ORLANDO -- MEF 17 -- For all the hype around SD-WAN services, many network operators are just getting started rolling out their own offerings. Verizon Partner Solutions believes many of those players will be attracted to its wholesale SD-WAN offer, and the opportunity to avoid the hassle of bringing their own service to market.
Eric Cevis, president of Verizon Partner Solutions and a keynote speaker here, says Verizon Communications Inc. (NYSE: VZ)'s wholesale software-defined wide-area network solution, announced last week, will give operators a chance to "leapfrog the marketplace" and adopt a proven solution that jumpstarts their marketing.
"A lot of folks aren't as far down the road as you think," Cevis says in an interview. "What we are finding is that they feel all the work we are doing with the MEF and aligning with the standards, plus all the infrastructure investment, support, provisioning, automated systems -- we have all of that now. They are just starting and scratching the surface." (See MEF Goes Global With Its Latest Specs Effort.)
What he believes many network operators will find is that it's easier to get into the market with an SD-WAN offer, working with one of many vendors, but much harder to scale the service. That's what Verizon is stressing in its wholesale offer: a scalable service, based on the evolving standards coming out of the MEF . It's a strategy that worked well for its wholesale Carrier Ethernet business, Cevis notes, as well as wavelength services and more advanced offerings such as security. (See MEF Tackles SD-WAN Standards.)
Of course, Verizon isn't alone in the wholesale SD-WAN business. Windstream also has an offer and likely others will soon as well.
Cevis says Verizon is adhering tightly to what MEF specifies for SD-WAN, as it did in a recent white paper, because those standards are what will enable scale and interoperability and both are critical to the success of SD-WAN.
"Interoperability is the best practice to allow scale and this is going to be a scale issue more than anything else," he says. "People who are building one-off, siloed services aren't going to get those to scale." A standards-based approach also enables a faster path to automation of processes, and "that is our biggest push, particularly as we see virtualization continue to grow."
Verizon's wholesale operation is taking a similar approach in other growth arenas, including in the Internet of Things with its ThingSpace and in the Smart Cities arena, where it announced a partnership with Sacramento in June that Cevis says will be replicated with other cities. (See What's the IoT Plan, Verizon? and Verizon Takes 'One Fiber' to More Cities.)

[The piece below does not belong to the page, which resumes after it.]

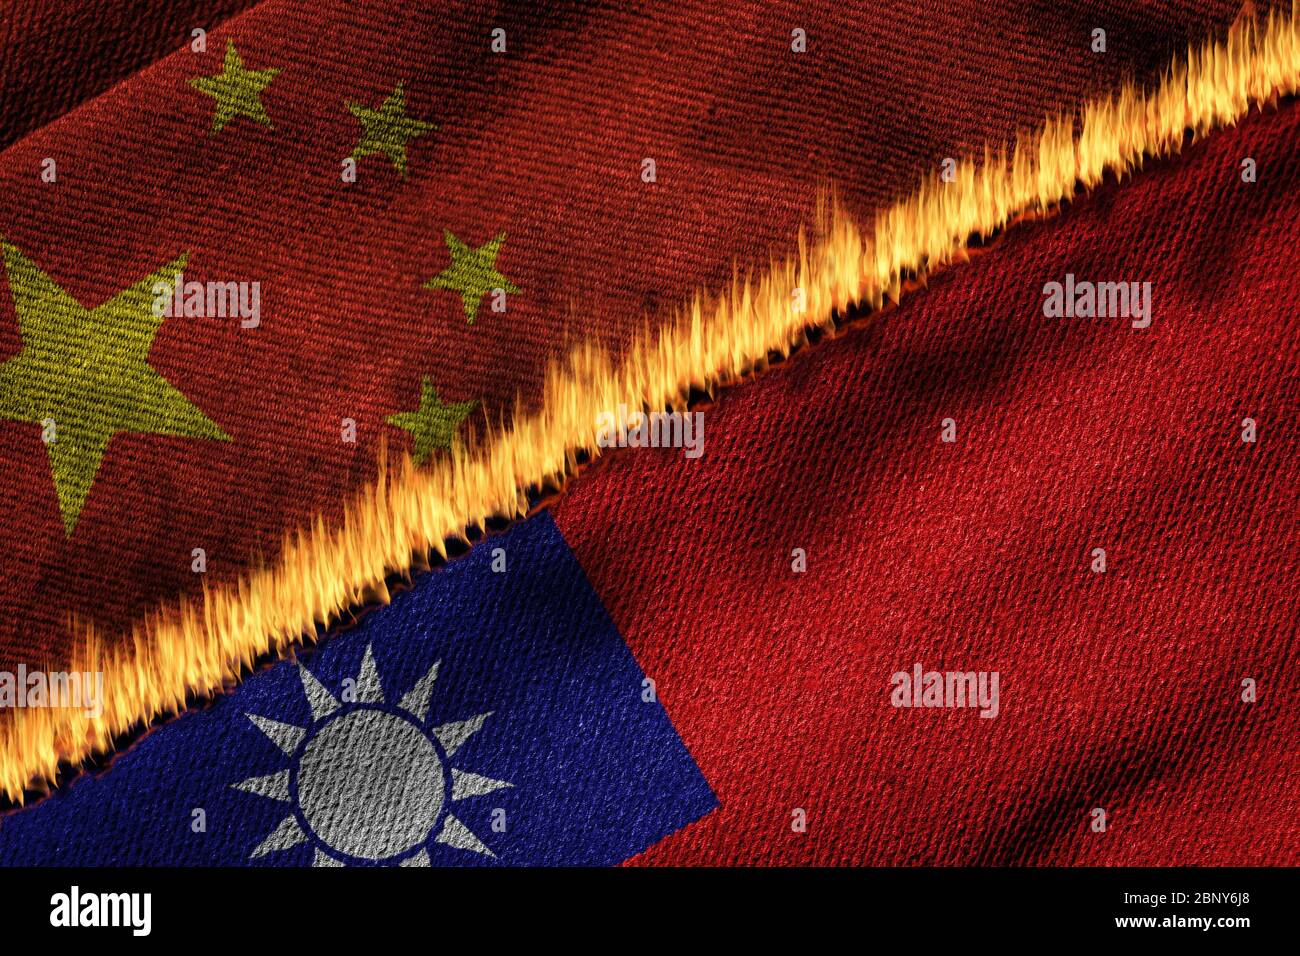 3D-Darstellung der Flaggen von China und Taiwan in Brand, die das Konzept der politischen Spannungen und Konflikte zwischen den beiden Entitäten illustrieren. Stockfoto

"The way we are looking at it is offering a bundle of services and options which [cities] can white label," he comments.
In his keynote presentation, the fast-talking Cevis was a big fan of MEF 3.0, the new package of global specs that the organization rolled out this week, for what he says is the opportunity to create broader interoperability faster and get the entire industry moving to deliver hyper-connectivity more efficiently.
"What we need to do is to push more standards, to move us to where we can have a single portal, a simple change and order process and usage-based billing," Cevis said. "Automating end-to-end is the only way we can scale."